Evaluate:
$$\int_{-\infty}^{\infty} \frac{\log(1+x^2) dx}{1+x^2}$$
Using complex analysis, contour integration.
This function has no poles at all.
Try the contour $C$
Obviously,
$$\oint_{C} f(z) dz = 0$$
$$\oint_{C} f(z) dz = \int_{A} f(z) dz + \int_{-R}^{R} f(x) dx$$
$$\int_{-R}^{R} f(x) dx = -\int_{A} f(z) dz$$
Along the semi circle $A$ contour-part the parametrization is:
$$z = Re^{i\theta}$$
$$\int_{A} f(z) dz = \int_{0}^{\pi} (iRe^{i\theta})\cdot \frac{\log(Re^{i\theta} + i) + \log(Re^{i\theta} - i)}{(Re^{i\theta} + i)(Re^{i\theta} - i)} d\theta$$
$$\int_{-R}^{R} f(x) dx = (-)\cdot\int_{0}^{\pi} (iRe^{i\theta})\cdot \frac{\log(Re^{i\theta} + i) + \log(Re^{i\theta} - i)}{(Re^{i\theta} + i)(Re^{i\theta} - i)} d\theta$$
$$\int_{-\infty}^{\infty} f(x) dx = (-)\cdot \lim_{R \to \infty} \int_{0}^{\pi} (iRe^{i\theta})\cdot \frac{\log(Re^{i\theta} + i) + \log(Re^{i\theta} - i)}{(Re^{i\theta} + i)(Re^{i\theta} - i)} d\theta$$
Lets say we can apply the dominated convergence theorem.

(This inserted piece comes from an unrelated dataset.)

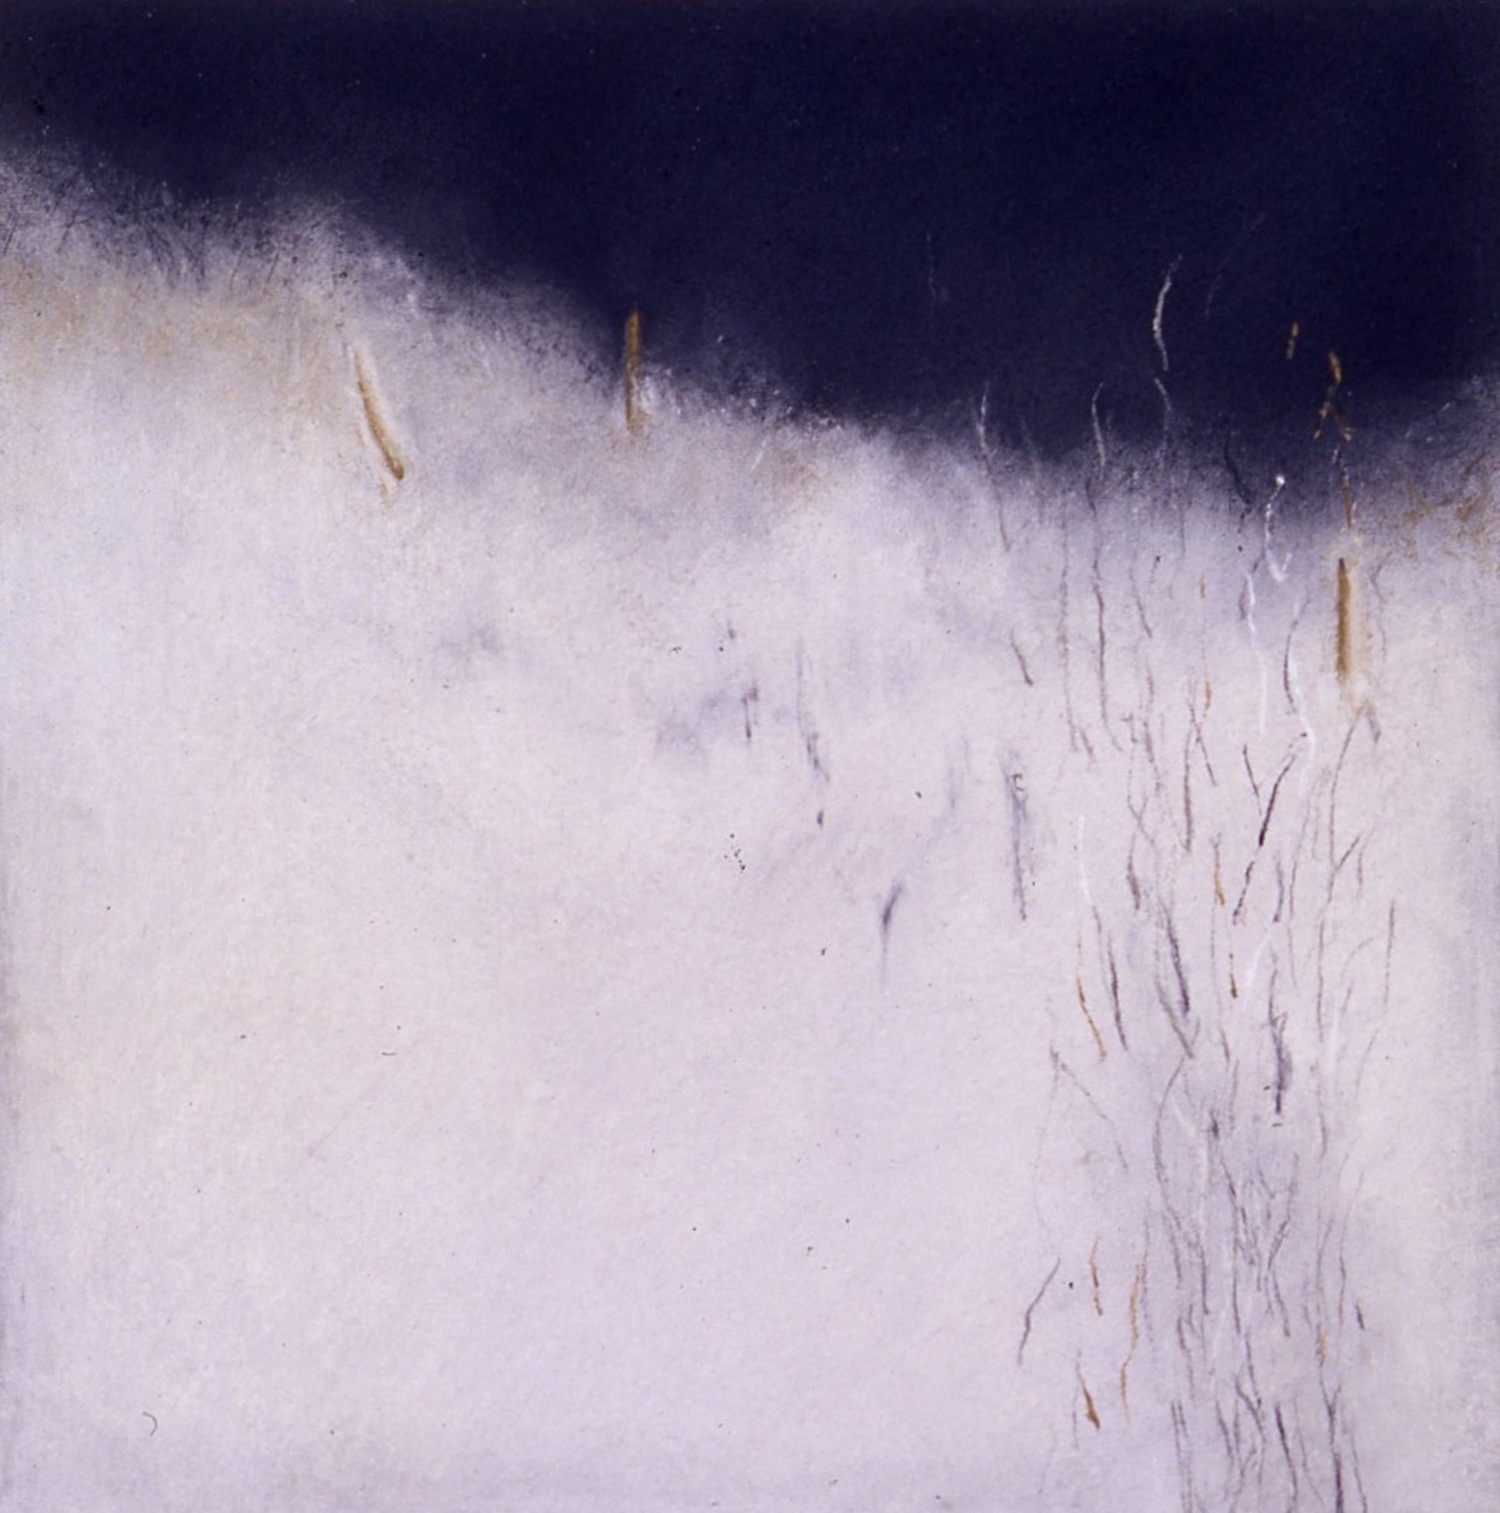 Jessica Masters, "Early work two," 1996, Pastel on BFK Rives, 10x10in. Sold. Painted with my first set of Yarka pastels.

We can then take the limit INSIDE the integral on the RHS. The problem becomes:
$$\int_{-\infty}^{\infty} f(x) dx = (-i)\cdot \int_{0}^{\pi} \lim_{R \to \infty} (Re^{i\theta})\cdot \frac{\log(Re^{i\theta} + i) + \log(Re^{i\theta} - i)}{(Re^{i\theta} + i)(Re^{i\theta} - i)} d\theta$$
Wolframalpha returns it as $0$ which is wrong. What is the issue? The answer is:
$$I = -\pi\log(\sqrt{2})$$
Please tell me what is wrong with this, do not suggest something else until the end. Thank you!